(Supplied entries begins)

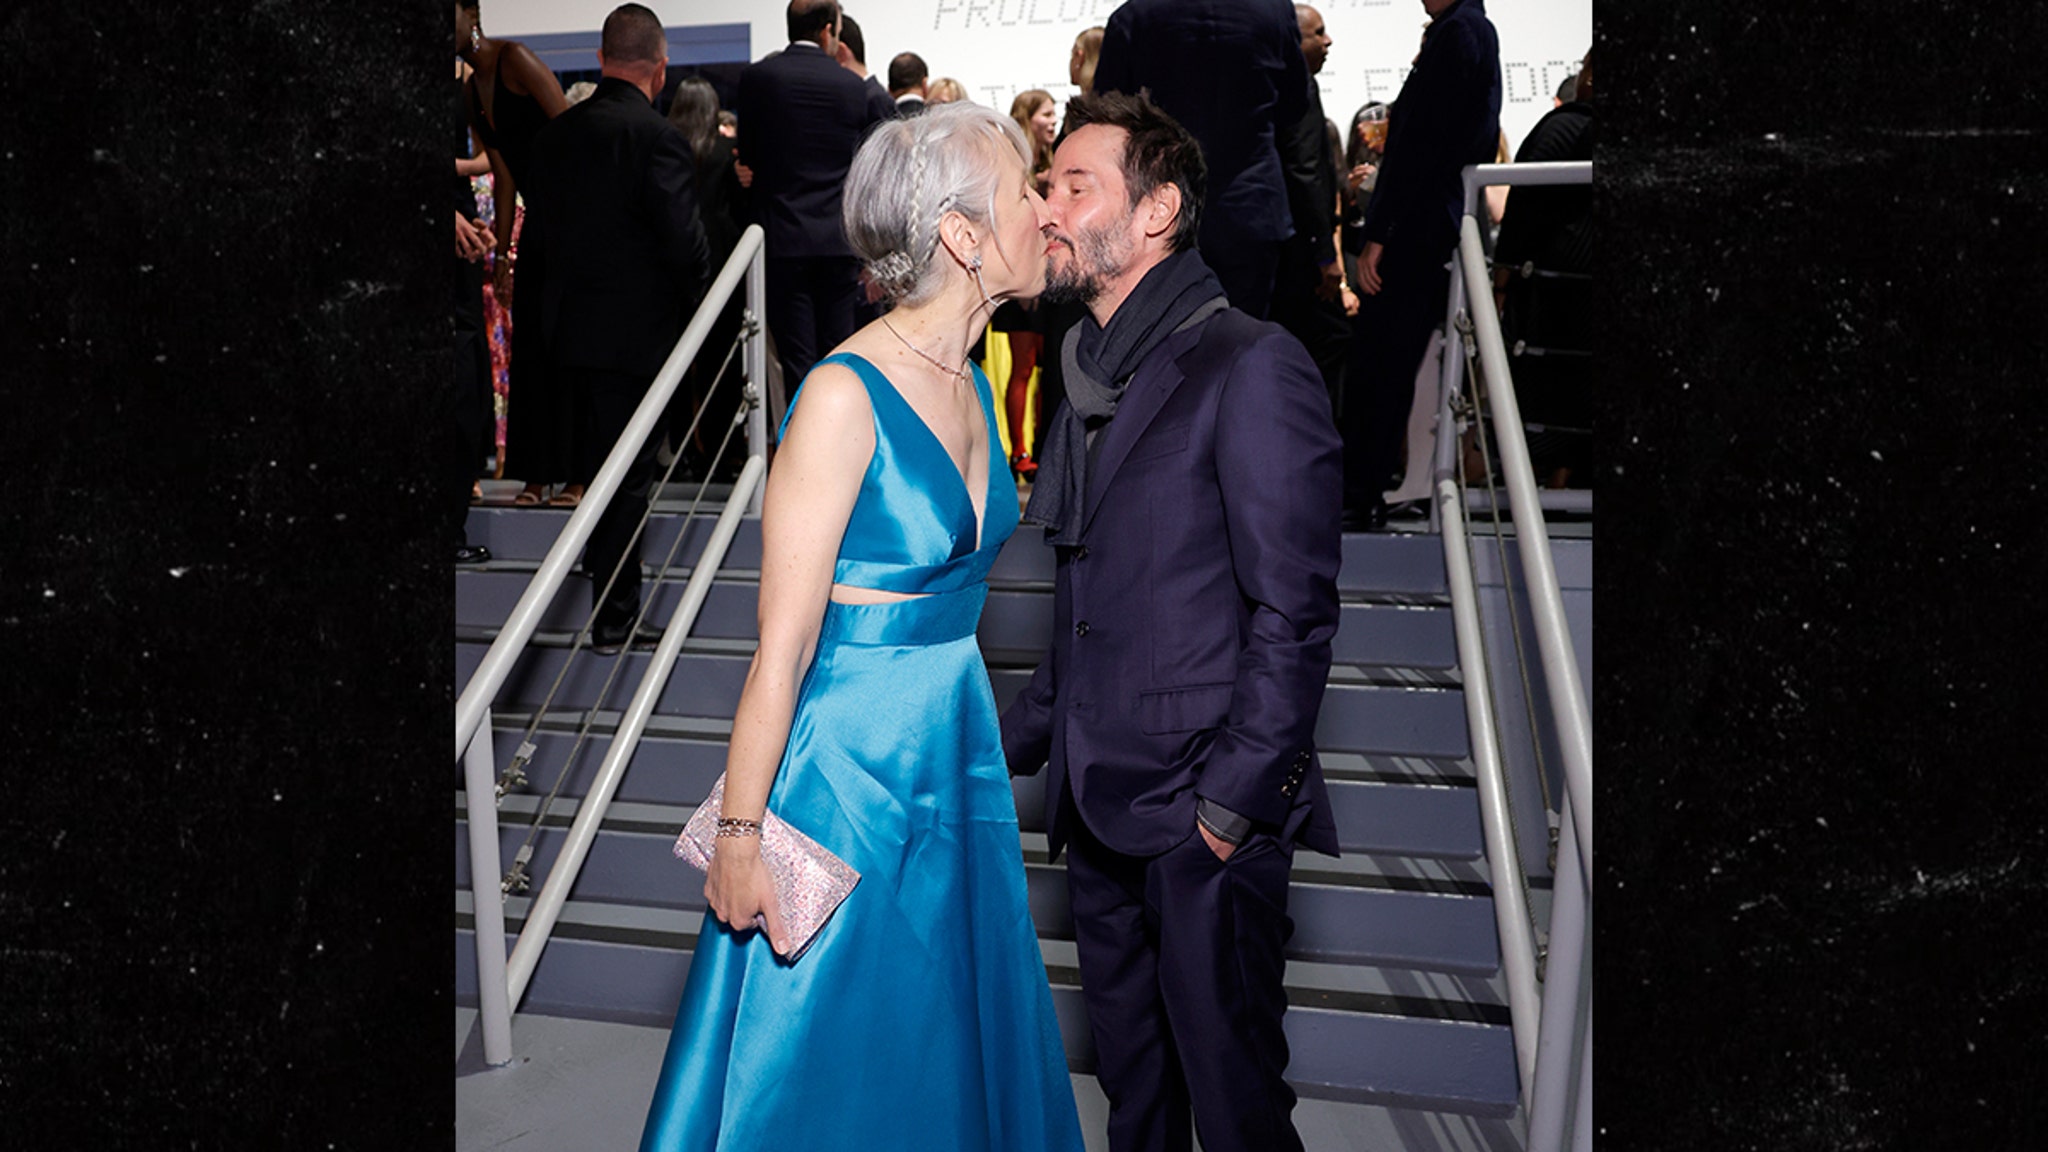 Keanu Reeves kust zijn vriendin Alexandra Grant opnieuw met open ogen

(Supplied entries ends)
(Supplied entries begins)

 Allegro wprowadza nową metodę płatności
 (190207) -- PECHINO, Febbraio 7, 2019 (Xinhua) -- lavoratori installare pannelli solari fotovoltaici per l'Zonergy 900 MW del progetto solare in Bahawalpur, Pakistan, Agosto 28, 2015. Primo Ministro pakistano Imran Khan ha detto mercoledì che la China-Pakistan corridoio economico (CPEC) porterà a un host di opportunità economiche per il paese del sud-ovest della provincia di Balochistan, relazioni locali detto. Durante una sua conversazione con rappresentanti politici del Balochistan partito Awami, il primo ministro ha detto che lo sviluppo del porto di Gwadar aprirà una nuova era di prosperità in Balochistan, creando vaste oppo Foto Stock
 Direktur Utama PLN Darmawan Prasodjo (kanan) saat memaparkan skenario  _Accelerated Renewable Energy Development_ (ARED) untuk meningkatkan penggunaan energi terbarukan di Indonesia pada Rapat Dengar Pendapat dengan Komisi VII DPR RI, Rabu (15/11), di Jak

(Supplied entries ends)

- **Task instructions**
After locating the line with "Allegro wprowadza nową metodę płatności" above, return that line and every later line through the one with "(190207) -- PECHINO, Febbraio", word for word and with nothing else.

- **Exercise answer**
 Allegro wprowadza nową metodę płatności
 (190207) -- PECHINO, Febbraio 7, 2019 (Xinhua) -- lavoratori installare pannelli solari fotovoltaici per l'Zonergy 900 MW del progetto solare in Bahawalpur, Pakistan, Agosto 28, 2015. Primo Ministro pakistano Imran Khan ha detto mercoledì che la China-Pakistan corridoio economico (CPEC) porterà a un host di opportunità economiche per il paese del sud-ovest della provincia di Balochistan, relazioni locali detto. Durante una sua conversazione con rappresentanti politici del Balochistan partito Awami, il primo ministro ha detto che lo sviluppo del porto di Gwadar aprirà una nuova era di prosperità in Balochistan, creando vaste oppo Foto Stock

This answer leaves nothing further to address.